В самом деле. Родилась я в 1931 году в Москве, была, как и все мои ровесники, пионеркой, потом комсомолкой. До “дела врачей” я не ощущала себя чужой в малых группах — что в школе, что в университете. Именно поэтому в моей памяти почти фотографически отпечатались отдельные эпизоды отчуждения — например, когда в 1949 году в разгар кампании против космополитов у нас в школе отменили обсуждение нового романа Эренбурга “Буря” (подробно об этом рассказано в мемуарных очерках “О нас — наискосок”, включенных в мою книгу “Внутри истории” (М., 2002).
Вы можете мне верить или не верить, но за четыре года, что я носила пионерский галстук, я ни разу не задумалась о том, что именно он символизирует и почему он красный.

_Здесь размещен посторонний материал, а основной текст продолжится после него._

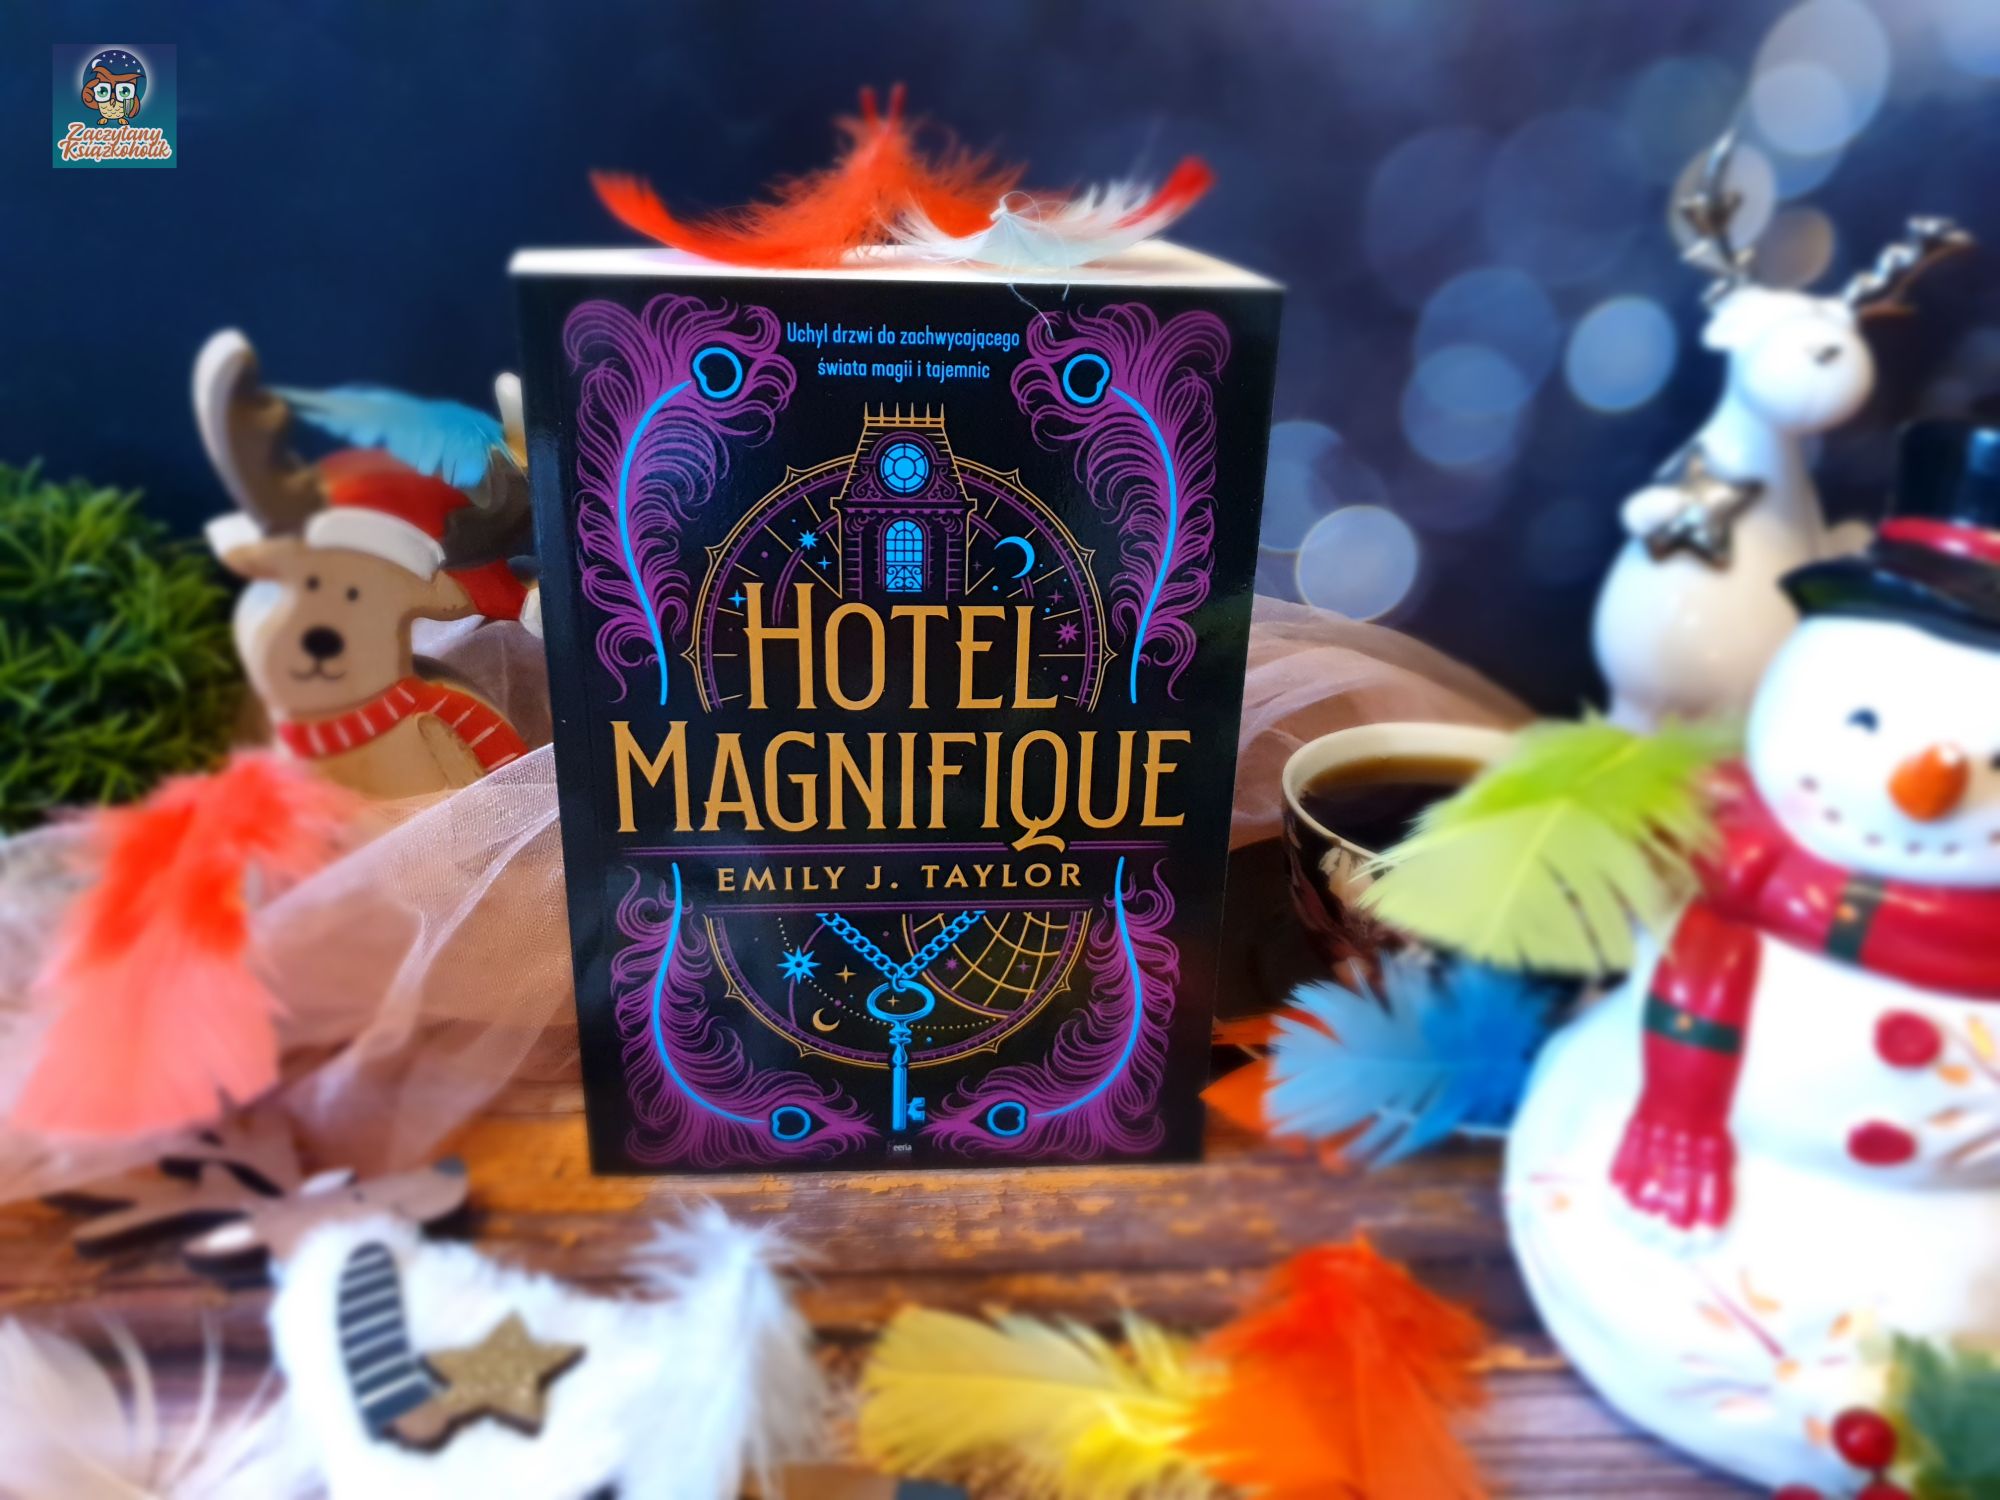 Hotel Magnifique - Emily J. Taylor - zaczytanyksiazkoholik.pl - blog

Я и сегодня не могу сказать, что испытывала чувство искреннего подъема при звуках “Интернационала”, поскольку это подразумевает, что где-то рядом были люди, которые могли бы, допустим, этот подъем изображать или даже пародировать. Более того, пародии на этот гимн мне и сейчас неприятны. Видимо, я не принадлежу к числу тех, кто может расставаться со своим прошлым, смеясь.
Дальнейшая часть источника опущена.